The maximum of F[i] is the number of the the quarters that should be crossed.

Then you can work out the answer.

Edited by moderator 18.08.2020 02:22
Re: An O(K^2) solution
Послано CmYkRgB123 31 окт 2008 18:26
A solution for Chinese readers.Much clearer.

这道题有明显的动态规划策略。首先不要按照方格来考虑,考虑顶点,这样目标点就是(N+1,M+1)。

---------算法1-----------
最直观的想法是按照矩阵动态规划。

设状态F[i,j]为走到点(i,j)时的最短路径

状态转移方程
F[i,j]=Min
{
F[i-1,j]+100
F[i,j-1]+100
F[i-1,j-1]+141.4213562373
}

边界条件 F[0,0]=0

F[N+1,M+1]就是结果。

但是对于8M的内存限制,要使用滚动数组。

时间复杂度为O(N*M)

---------算法2-----------
可以发现,如果我们只走直边的话,要走(N+M)*100长度。如果走C条斜边,那么要走(C*141.4213562373)+(N+M-C*2)*100 的长度。那么显然我们要尽可能使C更大,即多走斜边。

这样可以转化为经典的LIS模型。即把所有的斜边按照坐标排序,然后求最长的上升序列(x,y都要严格递增),走这样的斜边一定是最优的策略。于是我们可以求出C。

结果就是(C*141.4213562373)+(N+M-C*2)*100。

Vijos 1336其实就是这道题的数据加大版。对于较小的K和很大的N,M,只能用算法2解决。
Re: An O(K^2) solution
Послано abid1729 30 мар 2020 23:12
by translating.............

A solution for Chinese readers.Much clearer.

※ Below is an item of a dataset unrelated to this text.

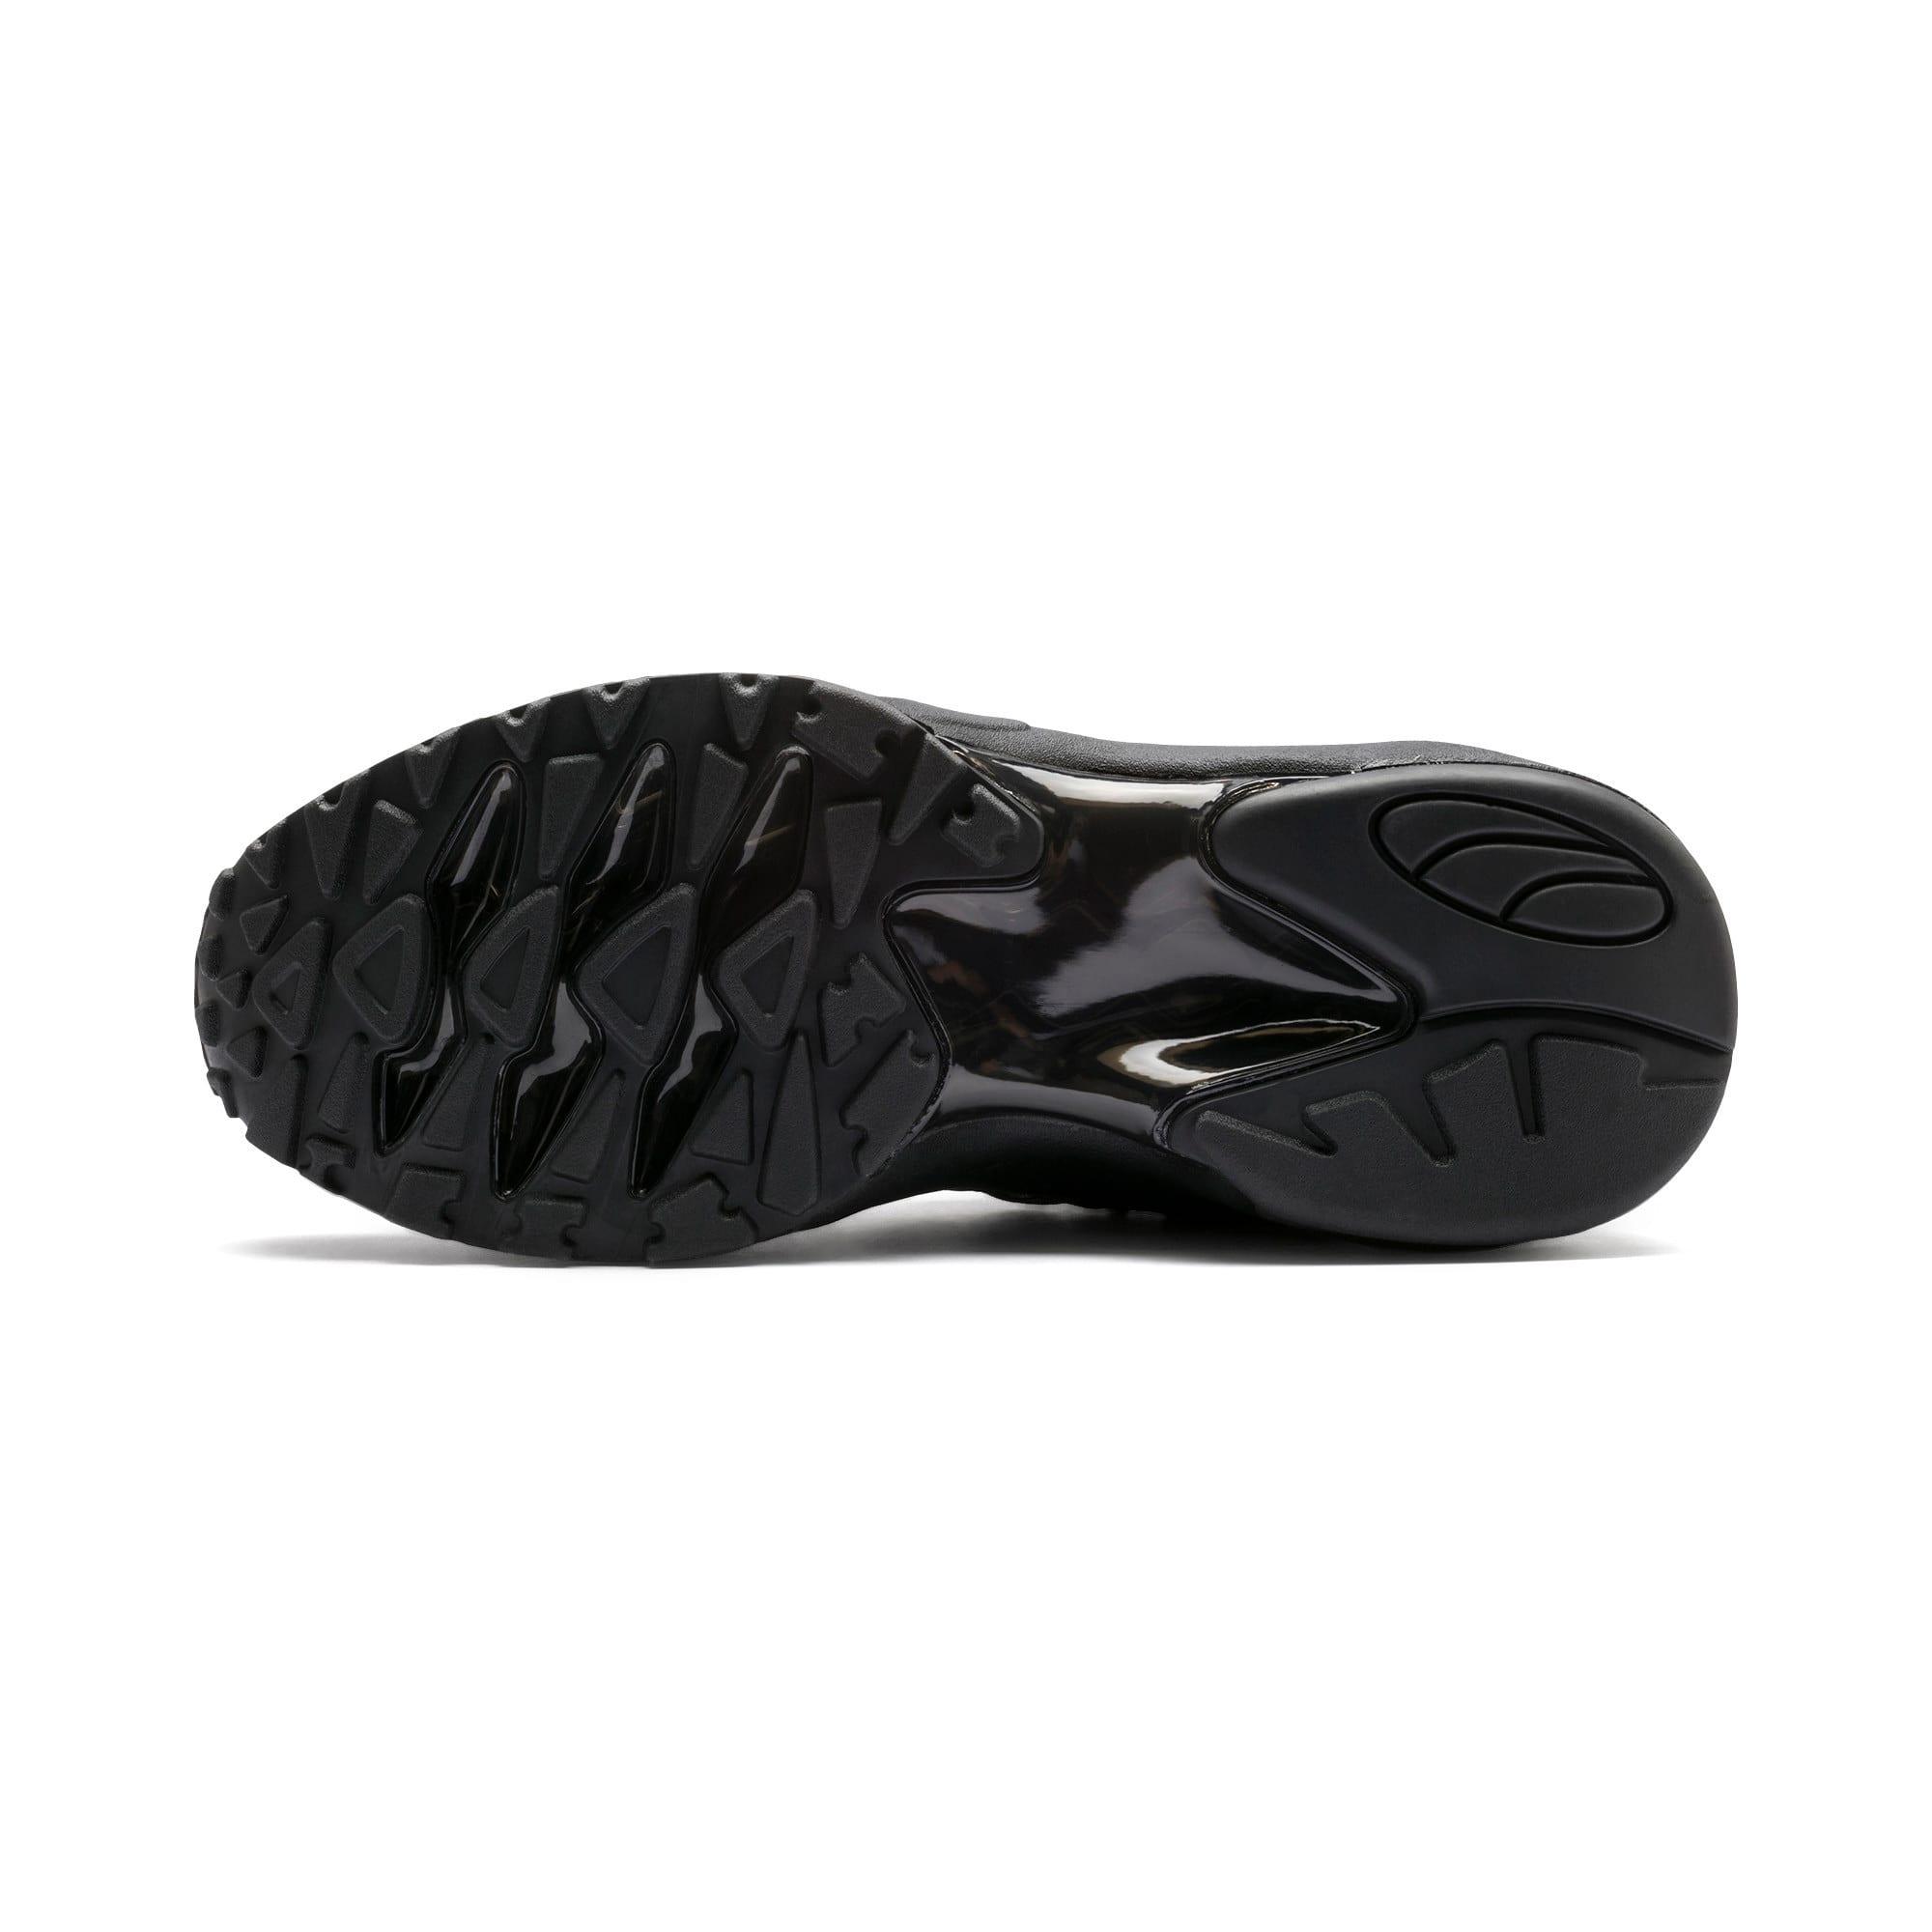 Thumbnail 5 of CELL Endura Rebound sportschoenen, Puma Black-Puma Black, medium

This problem has obvious dynamic programming strategies. First, don't think in terms of squares, consider vertices, so the target point is (N + 1, M + 1).

--------- Algorithm 1 -----------
The most intuitive idea is dynamic programming in terms of matrices.

Let the state F [i, j] be the shortest path to the point (i, j)

State transition equation
F [i, j] = Min
{
F [i-1, j] +100
F [i, j-1] +100
F [i-1, j-1] +141.4213562373
}

Boundary condition F [0,0] = 0

F [N + 1, M + 1] is the result.

But for the 8M memory limit, a rolling array is used.

Time complexity is O (N * M)

--------- Algorithm 2 -----------
It can be found that if we only go straight, we have to go to (N + M) * 100 length. If you take the C hypotenuse, then you have to take the length of (C * 141.4213562373) + (N + M-C * 2) * 100. So obviously we want to make C as large as possible, that is, take more hypotenuse.

This can be transformed into a classic LIS model. That is, sort all the hypotenuses according to the coordinates, and then find the longest ascending sequence (x, y must be strictly increased). Taking such hypotenuses must be the optimal strategy. Then we can find C.

The result is (C * 141.4213562373) + (N + M-C * 2) * 100.

Vijos 1336 is actually an enlarged version of this question. For smaller K and large N, M, it can only be solved by algorithm 2.